Varscan bug in somatic filtering

Varscan has a bug in somatic filtering (what is quite unbelievable for me) : If you specify a somatic filter, there are numerous entries in the output which dont pass the somatic filter threshold.

The Fischer-exact test values seem to be correct (not shown here, only checked by hand).
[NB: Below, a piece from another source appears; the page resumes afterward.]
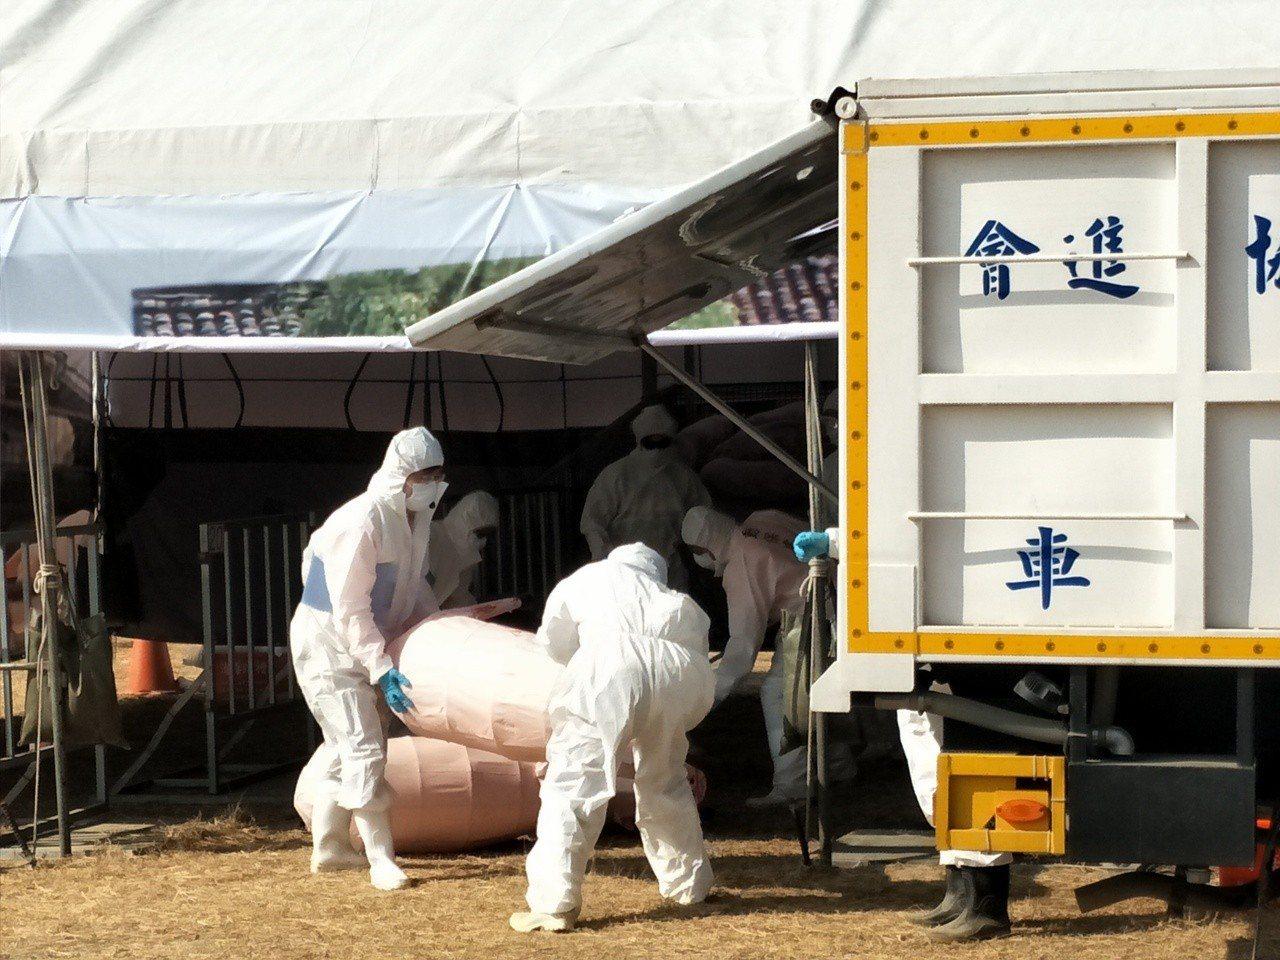 防疫人員模擬抬出豬屍處理。 記者謝進盛/攝影

I tested numerous Varscan version, all of them failed.

I'm running Varscan on a 10Mbp long sample section to show the bug


In [2]:
import subprocess
import pandas as pd
from pandas import DataFrame as df

path and tools

In [3]:
#gallus reference
galref="/home/ribli/input/index/gallus/Gallus_gallus.Galgal4.74.dna.toplevel.fa"

#input files
norm_bam="/nagyvinyok/adat83/sotejedlik/dt40/rmdup/DS50_RMdup_picard_realign.bam"
tum_bam="/nagyvinyok/adat83/sotejedlik/dt40/rmdup/DS41_RMdup_picard_realign.bam"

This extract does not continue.